Очерк Гончарова «Русские в Японии в конце 1853 и в начале 1854 годов»: Страница 13

После размена учтивостей губернатор встал и хотел было уходить, но адмирал предложил еще некоторые вопросы. Губернатор просил отложить их до другого времени, опасаясь, конечно, всяких вопросов, на которые, без разрешения из Едо, не знал, что отвечать. Он раскланялся и скрылся. Мы пошли назад. За нами толпа чиновников и переводчиков. Тут был и Бабб-Городзаймон. «Здравствуй, Бабб!» — сказал я, уж не помню, на каком языке. Он приветливо кивнул головой. Тут мы видели его чуть ли не в последний раз. Его в тот же день услали с нашим письмом в Едо. Он был счастлив: он тоже отслужил годичный срок и готовился уехать с губернатором к семейству, в объятия супруги, а может быть и супруг: у них многоженство не запрещено.

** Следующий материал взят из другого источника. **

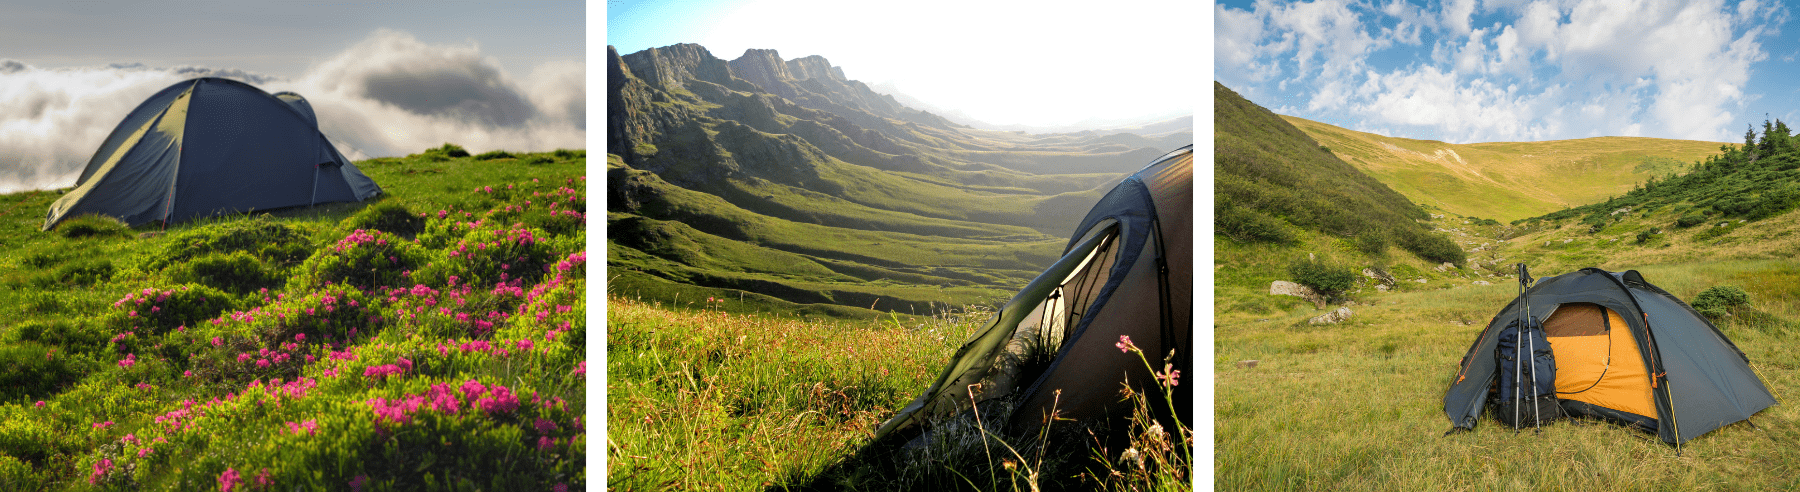 אוהל באתר קמפינג ומחנאות

Проходя через отдыхальню, мы были остановлены переводчиками. Они заступили нам дорогу и просили покушать. В комнате стоял большой, прекрасно сервированный стол, уставленный блюдами, бутылками всех форм, с мадерой, бордо, и чего-чего там не было! И всё на европейский лад. Вероятно, стол, посуда и вина, а может быть и кушанья, взяты были у голландцев. Адмирал приказал повторить свое неизбежное условие, то есть чтоб губернатор участвовал в завтраке. Кичибе, кланяясь, разводил руками, давился судорожным смехом, и всё двигался к столу, усердно приглашая и нас. Другие не отставали от него, улыбались, приседали — всё напрасно. Мы покосились на завтрак, но твердо прошли мимо, не слушая переводчиков. Едва мы вышли на крыльцо, музыка заиграла, караул отдал честь полномочному, и мы в прежнем порядке двинулись к пристани.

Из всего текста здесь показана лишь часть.